Written by Lars Lund 08 Sep 2020 14:34
Get early vegetables by germinating
You have probably already sown chilli, maybe also tomatoes and maybe summer flowers of the kind that have a long development time. If you have been out early, the plants grow quietly in the window ledge and enjoy the days getting longer and longer.
Traditionally, we sow our other vegetables outdoors, when the soil is what we call serviceable, ie suitably warm, moist and the weather does not offer frost. But there are actually great benefits to germinating vegetables inside the warmth. There are few who do it, but those who do get greater yields, an earlier yield and most often also healthier plants.
We know it from potatoes. They can be put directly into the soil without germination, but we give them a head start inside in the window ledge and preferably with a pot of soil where they can develop roots. It gives much earlier potatoes than if you just put the seed potatoes in the ground. You can also get lucky with carrots sown in milk cartons that have room for the long roots. When transplanting, you just cut the bottom of the carton and plant it all in a hole that fits the roots. If you sow in too small pots for a later transplant, you either get strange carrots or they perish.
More space
Germinating obviously requires more space for pots. You have to be set on that. In our house, all window ledges are used and where there is no window ledge, there is a floor up against a window, and there we germinate vegetables. We sleep by the small sprouts, take care of them and wake them up early in the morning with a gentle shower.
The greenhouse is also used, especially for lettuce.
Germinating vegetables starts in March. The sprouts just need some time before they get started and are ready to be transplanted. They get off to a good start, where they are protected from everything that often means that you have to sow twice in the garden. At least if you are sowing too early in the garden. Here the weather changes quickly. The spring outside can be too dry, too cold or too wet, so the seeds rot in the soil. The sprouting plants that grow outside are even more exposed to hungry predators. The pigeons are sitting on the roof just waiting for the peas to come up. The Spanish slugs are waiting for the lettuce, as are the sparrows and the fleas.
Once the plants have gotten off to a good start and are later transplanted in the garden, there is so much green in the garden, that the germinated vegetables seem less interesting to their enemies.
The correct transplanting distance
You also do not have to thin out and distinguish between what are weeds and what are new sprouting plants. When the plant is to be transplanted, the bed is cleared of weeds, and then there is no doubt about what is weed. The transplanting distance affects how the plants develop. By transplanting sprouting vegetables, you can transplant with the distance there must be, both between plants and rows. At the same time, you avoid holes in the rows where no seeds came up. Most seed distributors only guarantee that about 60 -70% of the seeds turn into something.
Earthquake
Not all vegetables are equally good to germinate. In my experience, most of the vegetables, where it is the root we harvest, might get confused when being transplanted. They lose foothold and then stretch to several sides as if there had been an earthquake and they now have to hold on to everything. In other words, they branch out. However, many imaginative root vegetables can come out of it, so even though you generally don’t transplant root vegetables, you can do so if you want a particularly fun and decorative vegetable.

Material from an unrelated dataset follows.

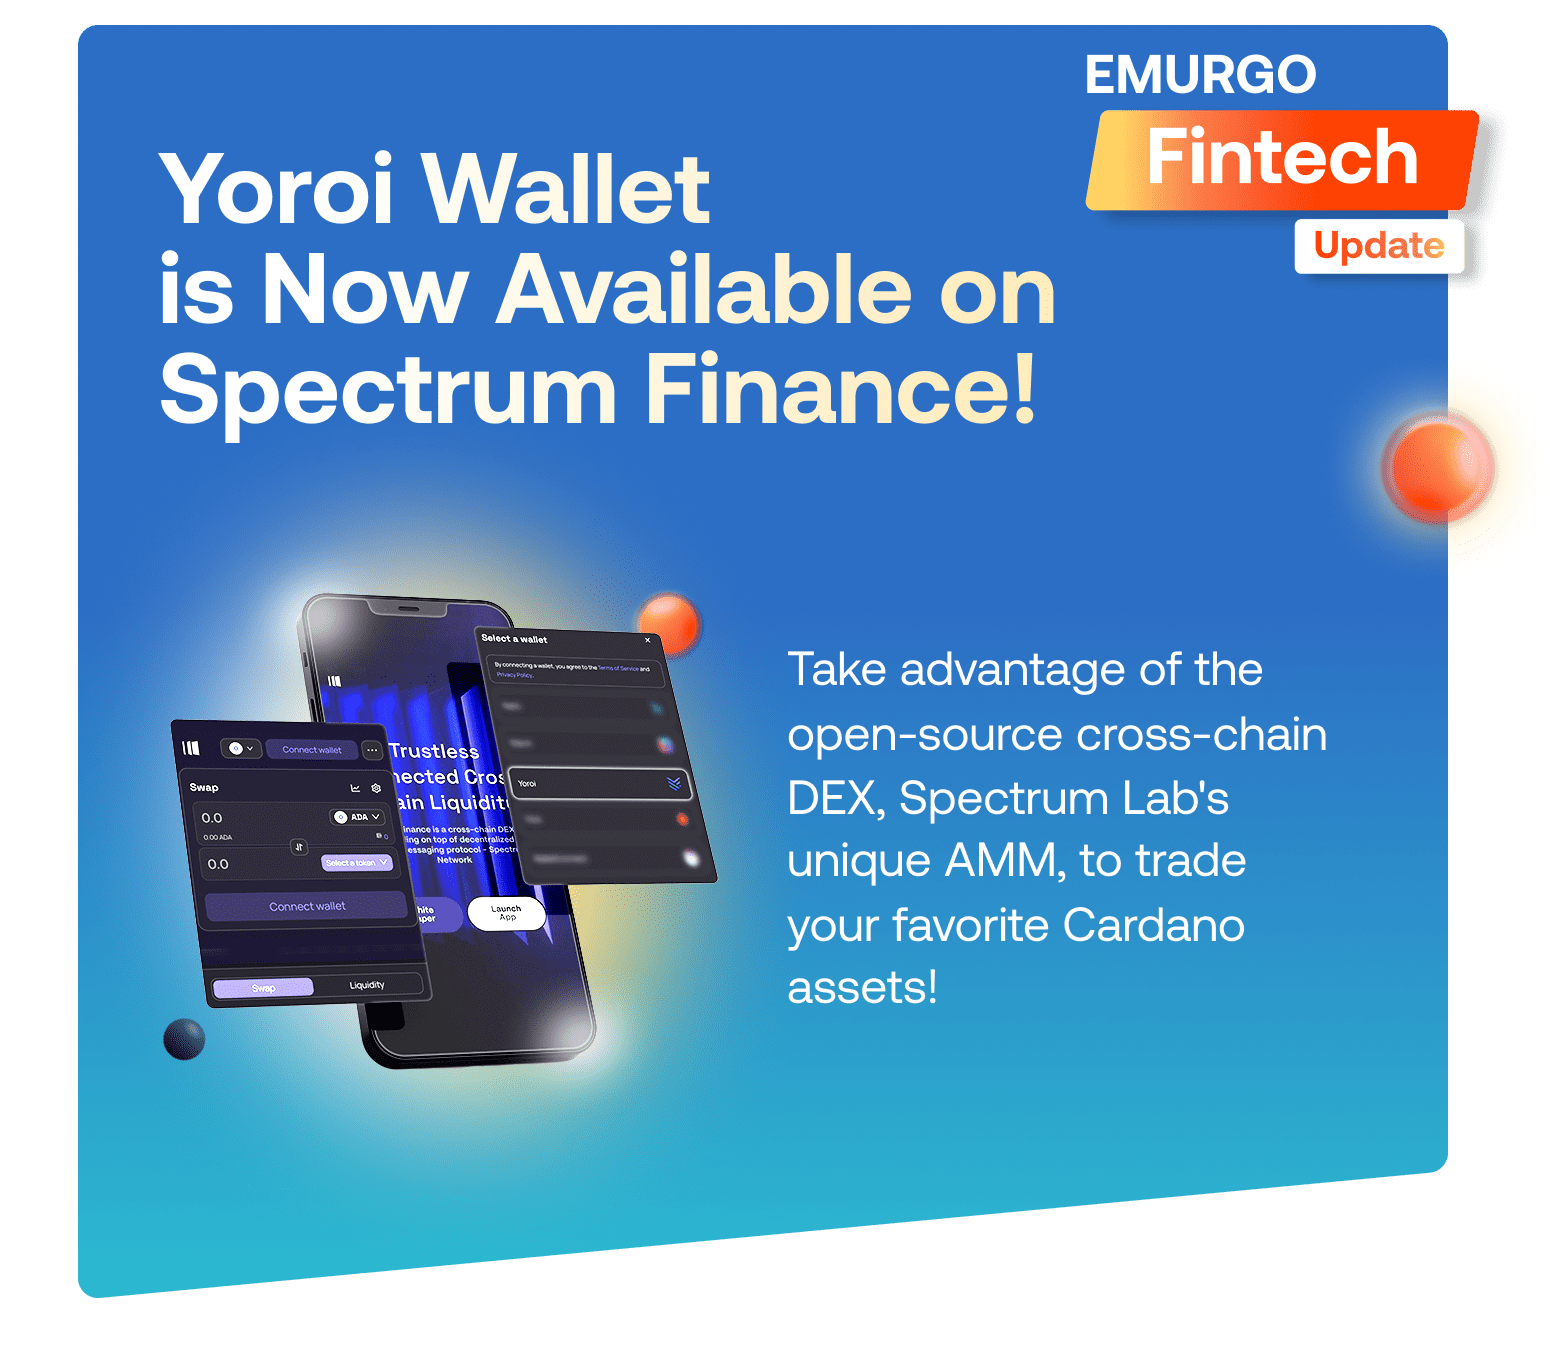 5-Blog-Fintech-Yoroi-Wallet

Beetroot is one of the exceptions. It does not mind being transplanted, but its root does not go that far in depth either. It grows more in width or thickness and thus provides a good anchorage.

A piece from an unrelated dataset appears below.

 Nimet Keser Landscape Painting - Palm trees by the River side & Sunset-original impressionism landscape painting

Most vegetables take between three and six weeks to grow so large that they can be transplanted. Onion and leek take a little longer. Sown onion, leek, cabbage and celery can with great advantage be geminated early in pots, as the development time is long.
Advantageously, you can also germinate peas, beans, squash, pumpkin, corn, lettuce, beetroot, spinach and herbs, including parsley.
Plants to germinate in the greenhouses
Chilli should be germinated in January, but you can also do it in March. Pepper in March, tomato in March, cucumber in mid-April, aubergine in early April and melon in mid-April.
The pots
Deep pots as root trainer are suitable for peas. Otherwise, you can use everything from newspaper pots, peat pots to plug boxes and old recycled pots. The most important thing is that they are clean. Small seeds small pots, larger seeds larger pots. Excessively large pots are difficult to irrigate, so the soil is not too dry and not too wet.
Soil
The sowing soil must be free of weeds. You can make a sowing soil of sand and compost yourself, or buy potting soil. The soil should not be sterile as many people think, but it should be free of weeds and it should not contain significant fertilizers. Especially fresh compost is a killer.
Light and heat
The more heat the more light the plants need. Make sure to give as much light as possible and that vegetable plants, in general, are not too hot.
After germination
Start by placing the plants in a garden frame that can be opened so that it does not get too hot. Here they can stand for a week or two before they are completely ready to be transplanted in the garden.